#### What to do:
What are the lines, word for word, from the line with "Curso online de ecomanager" up to and including the line with "Outventure Душ походный Outventure, 10 л" in the records below? Omit the pictures.

#### Data listing:
===

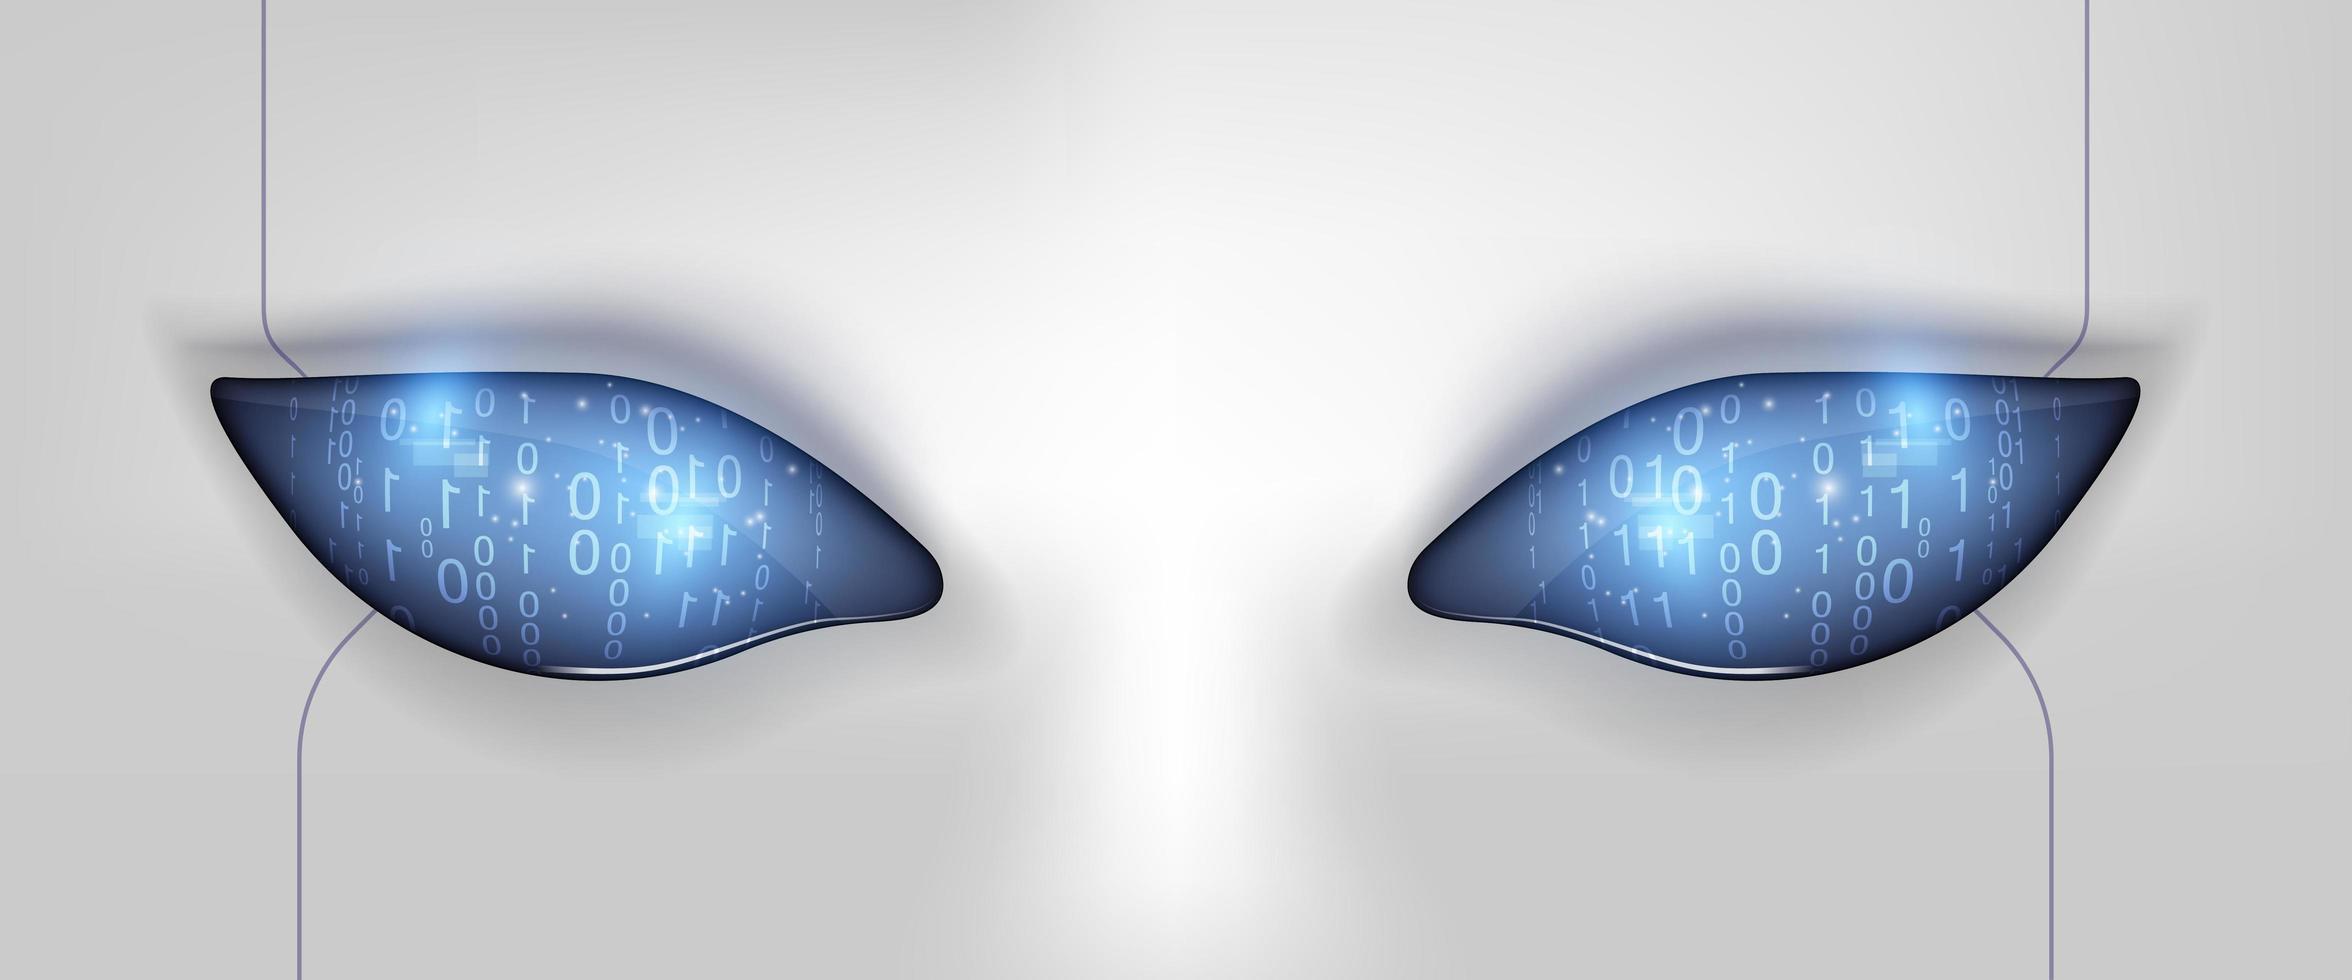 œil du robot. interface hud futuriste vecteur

===

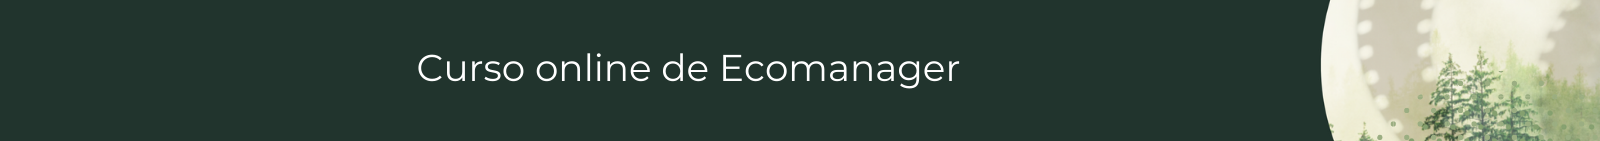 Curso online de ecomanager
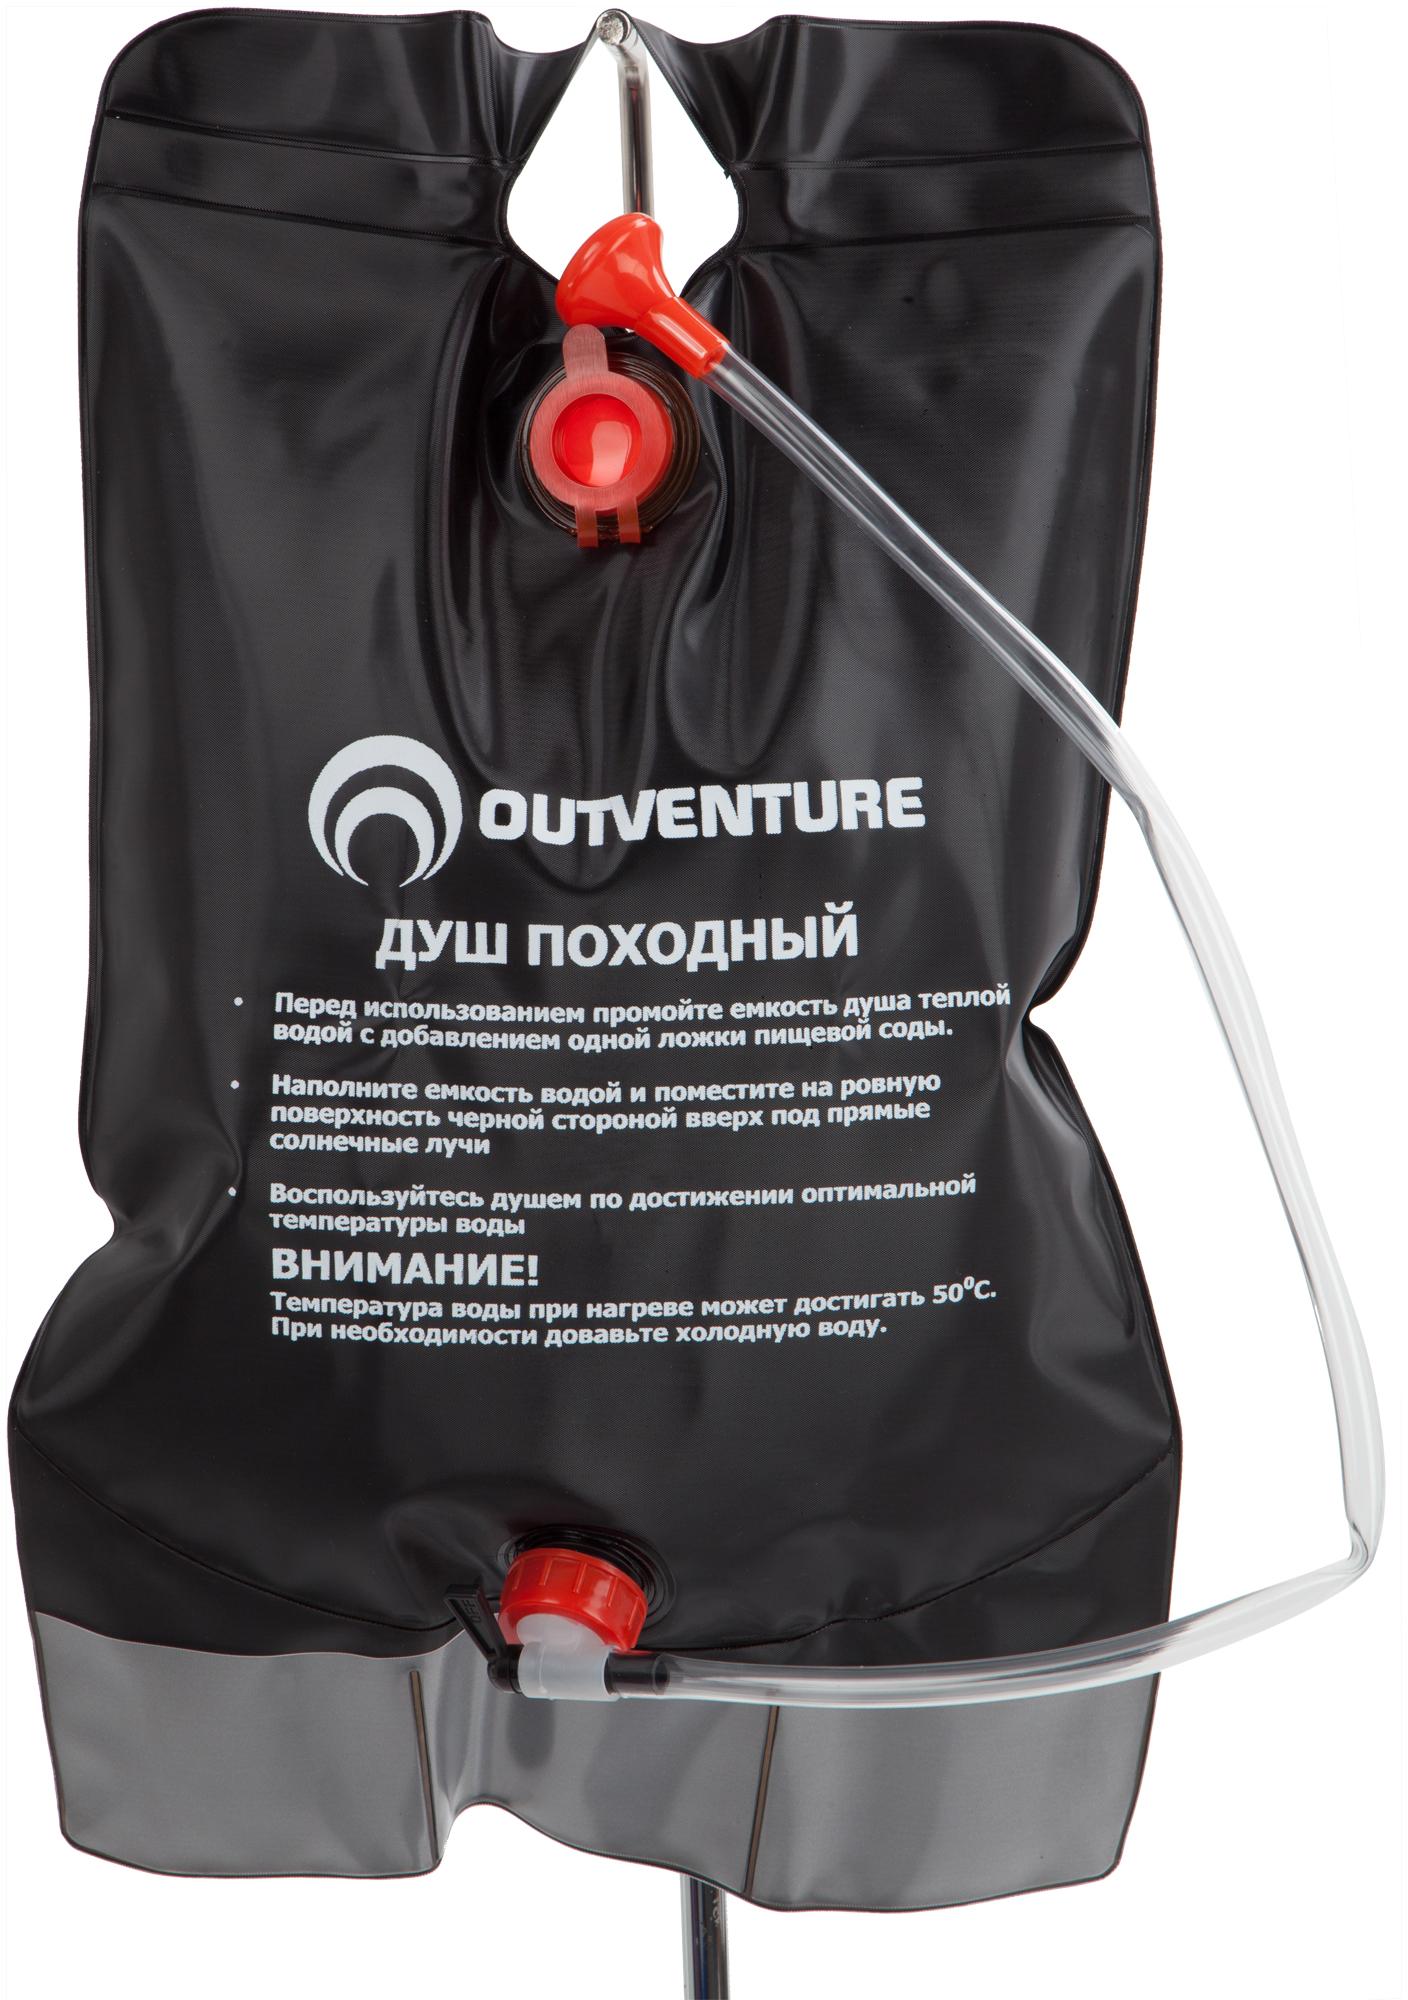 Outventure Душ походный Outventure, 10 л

===

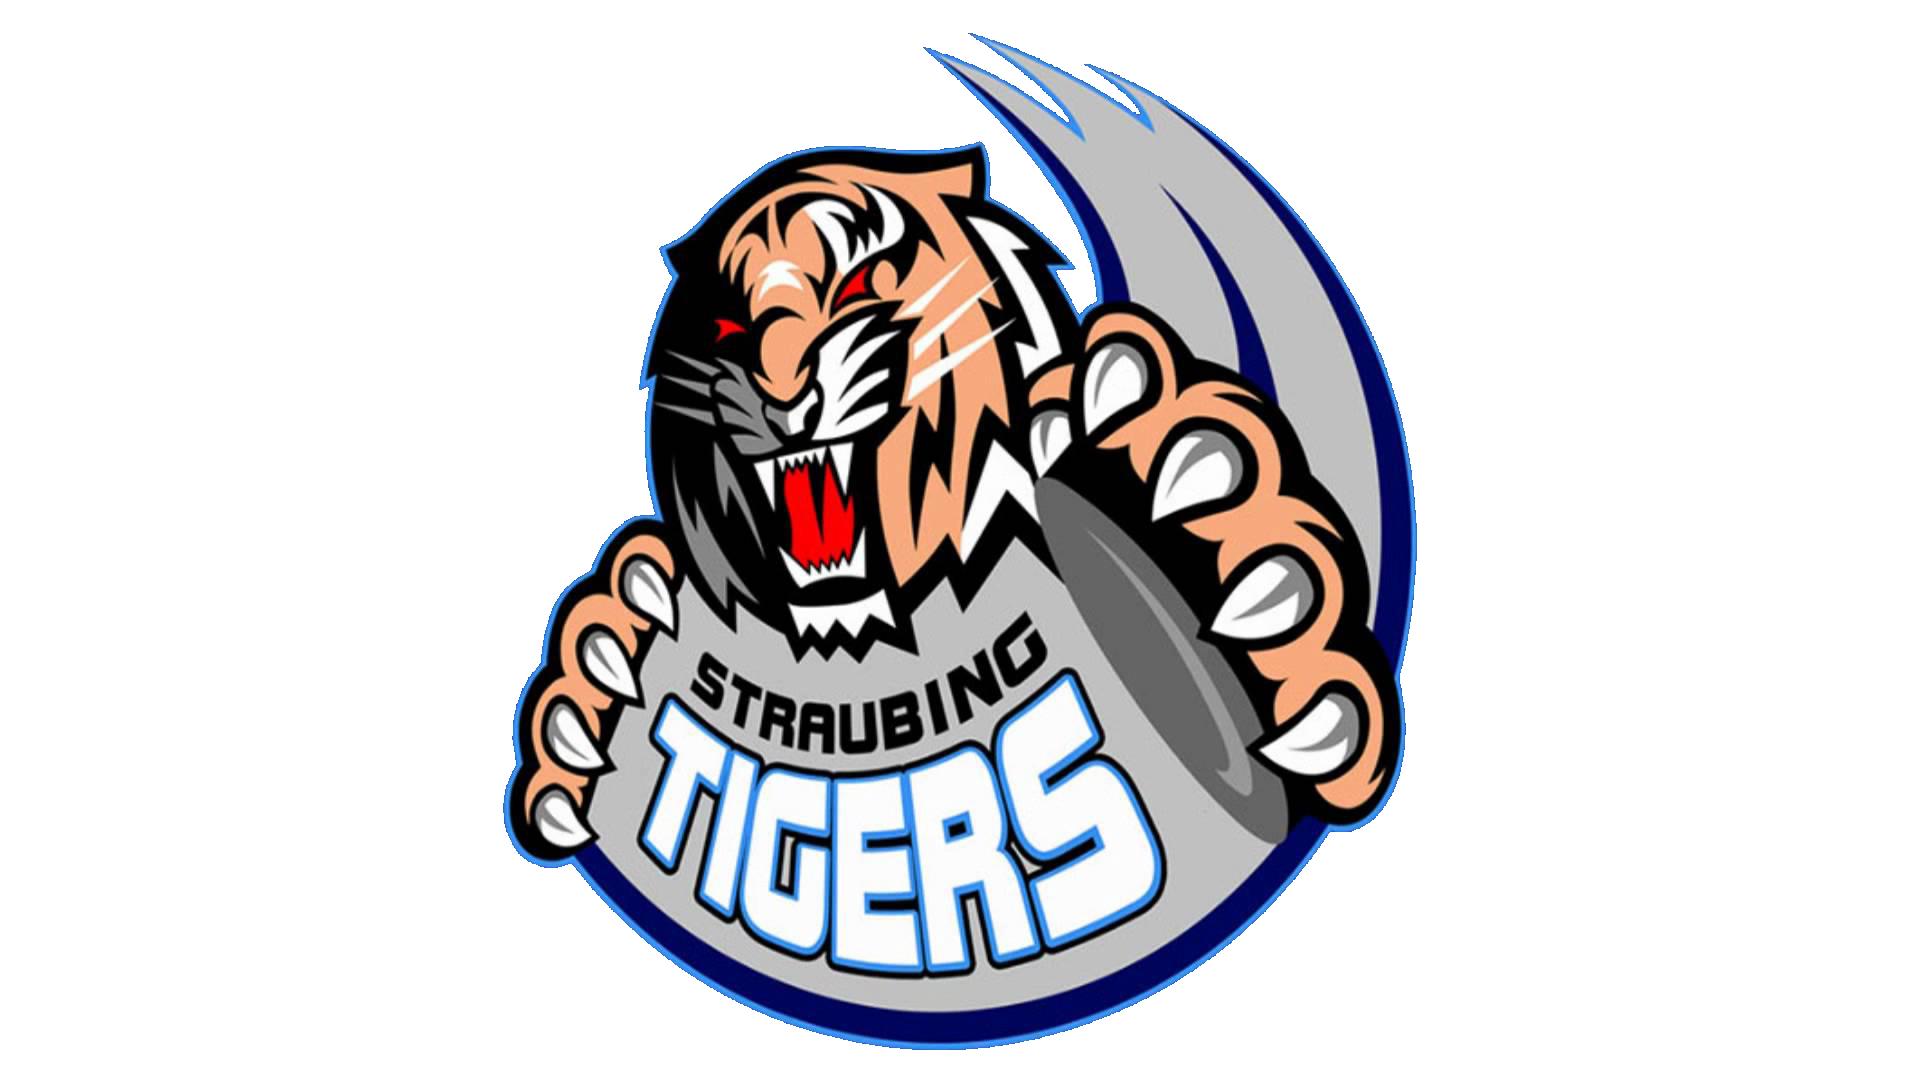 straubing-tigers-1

===

#### Exercise solution:
 Curso online de ecomanager
 Outventure Душ походный Outventure, 10 л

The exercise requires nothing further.